Nailing your reps and sets - here's why this is how you progress in your training

In this blog I want to educate you a little more on how to create a balanced workout and program.

In the last blog we focused on the four big movements: squat, hip hinge, press and pull. At 100Strong in Manly, we believe that repetitions and sets are just as important.

Why?

Because different reps and set schemes will produce different results. One single heavy squat repetition or 100 light squat repetitions are going to have different effects on your body.

So we need to break it down and to think about what would you like to achieve? Strength, hypertrophy (growing bigger muscles) or strength endurance (the ability to lift lighter weights for a long time)?

And to the peeps that just scoffed at hypertrophy I’ve got news for you…. Just about any booty workout you’ve ever tried is a hypertrophy workout for your glutes. Ab workouts? Same too.

Hypertrophy has its place but we rarely use it @100Strong. This is because our training is focused on both ends of the spectrum - pure strength on one end and strength endurance on the other.

The spectrum looks like this:

  • Pure strength: 1-5 repetitions
  • Hypertrophy: 8-12 repetitions
  • Strength endurance: 20+ repetitions

The repetitions you complete will also have an effect on what your muscle looks like. And that’s exactly why you’re reading this aren’t you?

So let me spill the beans.

Although you wouldn’t expect this, lifting heavy weights for 5 reps and under doesn’t build the biggest muscles. It builds them denser and firmer. Cellulite begone!

Hypertrophy basically pumps the muscle up. Functionally, hypertrophy is fairly useless -  it’s used mainly by bodybuilders to get swole.

Strength endurance is personally my fave, it’s good for creating smaller and denser muscles, cardiovascular health, fat burning and it helps harden your mind (I’ve chosen to refrain from the expletive, but you get my drift).

So let’s say you’re beginning to focus on your fitness and you want to focus on developing a lean and strong body. Your program would look something like this:

For strength spectrum:

  • Weighted squats x 5
  • Push ups x 5
  • Pull ups x 5

Repeat 8 times

Since strength training should be done fresh it should be doing it as a mini circuit with a 60-90 second rest between each set.

Then you finish with something like this for strength endurance:

  • 30 Kettlebell swings
  • 30 walking lunges (holding light dumbbells)
  • 20 medicine ball slams

x3 rounds

Also your body likes small changes, not drastic ones.

This is my gripe with so many mainstream fitness methods (yep, I’m talking F45) - they change their workouts drastically from session to session which doesn’t give your body enough time to adapt to or get good at anything.
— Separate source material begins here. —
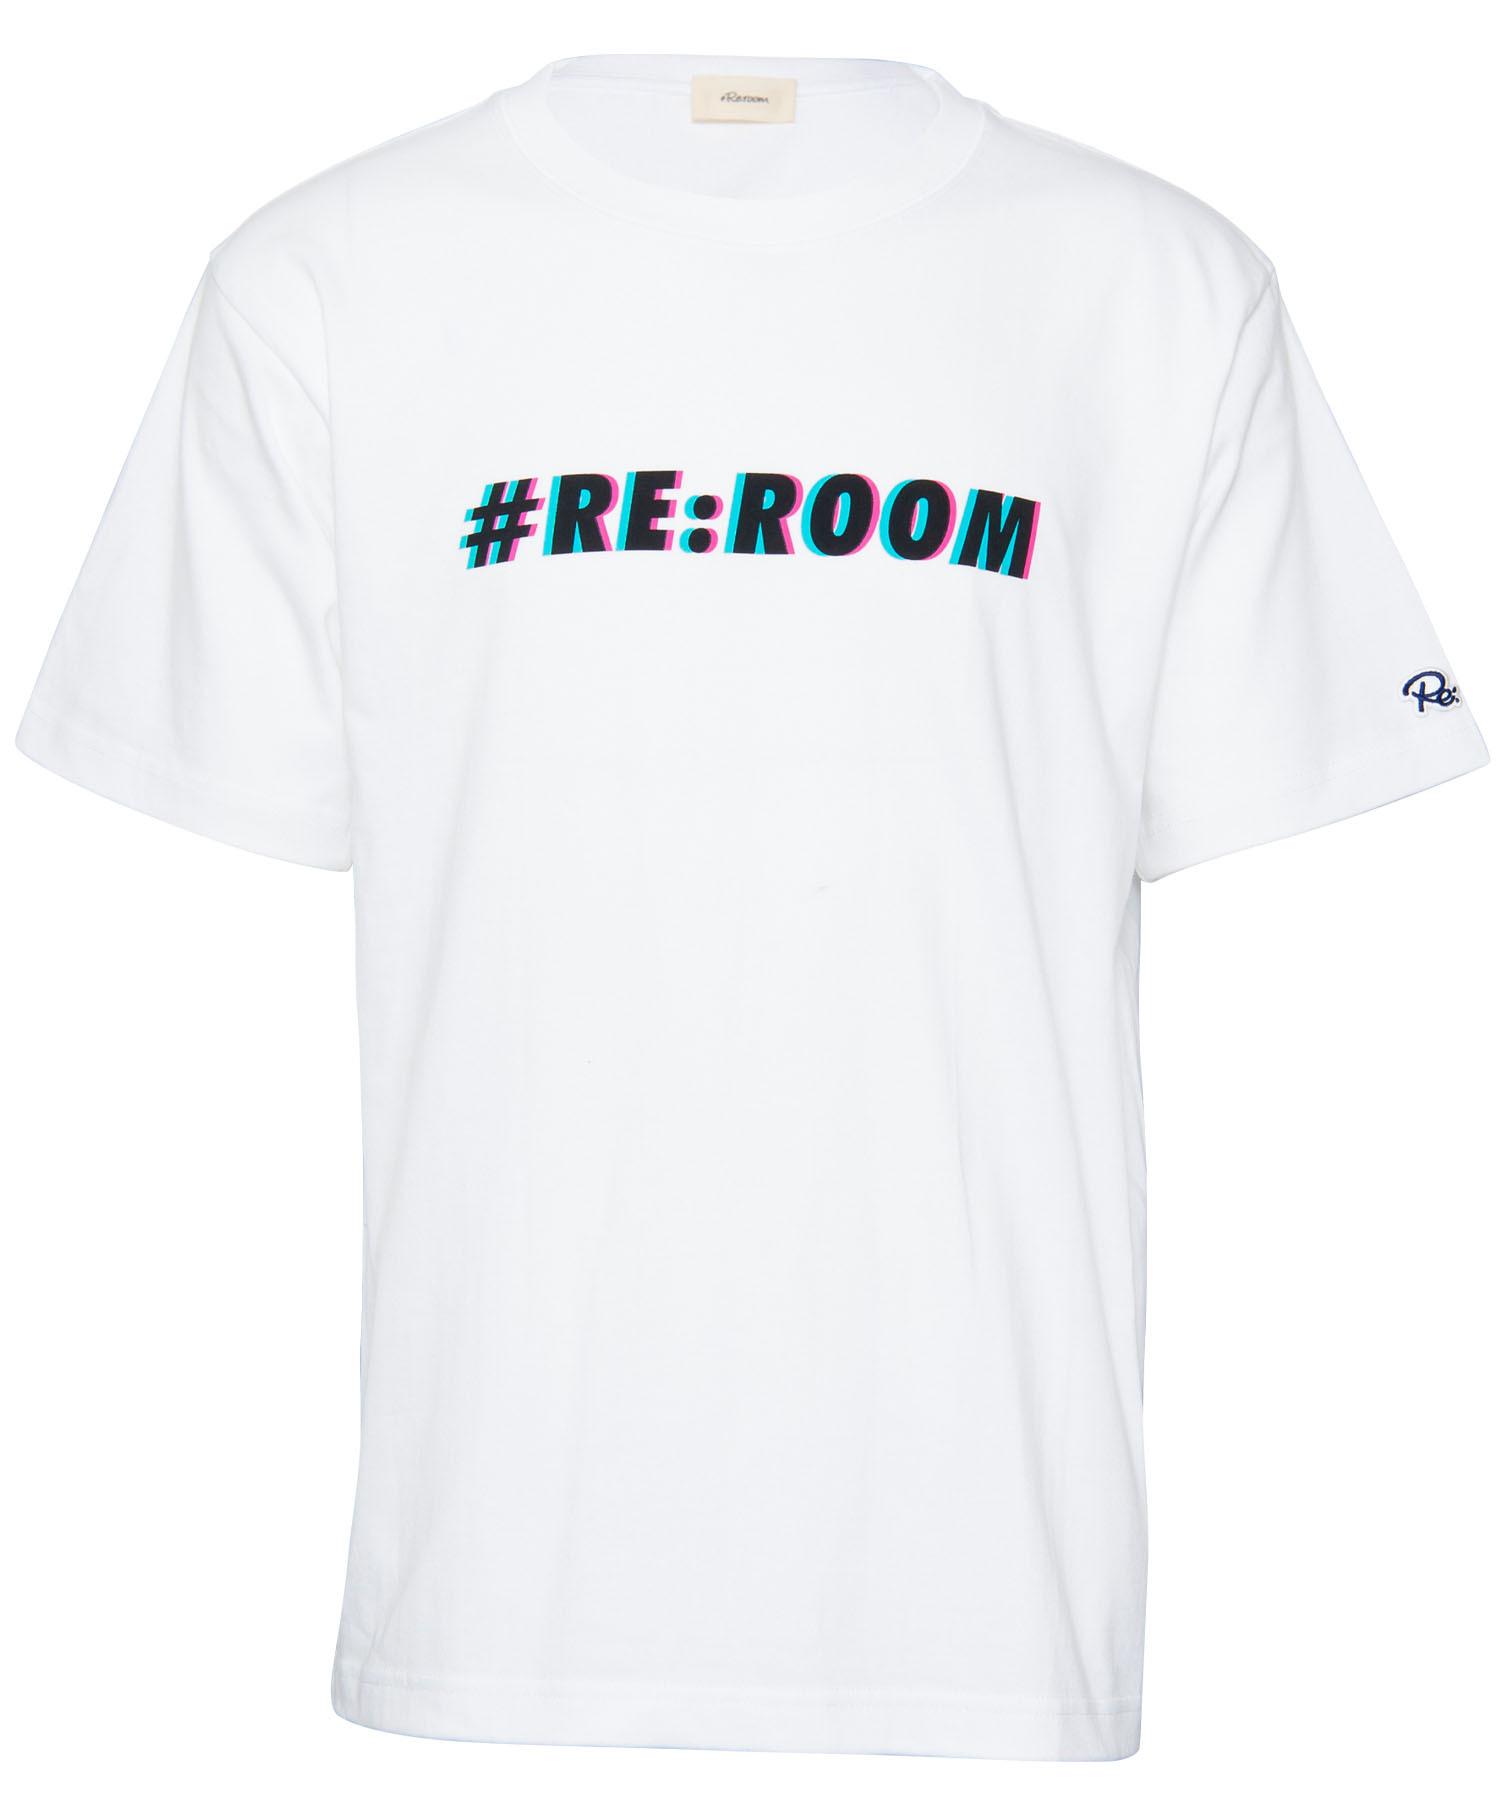 ANAGLYPH LOGO PRINT T-shirt[REC289]

It would take a year of strength training for newbies to eventually lead to a plateau. This is because in your first year of training, this is where you will get the most gains.

You will always progress if you do the same exercises: but you need to also focus on how you manage your sets and reps. Once your 5 x 8 of the strength program above gets easier, focus on adding 2 more reps so you’re doing 7 reps. Then 9.

I also encourage doing the same foundational exercises, but changing your program every six weeks. For example, working on back squats for the first six weeks, front squats for the second six weeks, split squats for the third six weeks then back to back squats and restart over.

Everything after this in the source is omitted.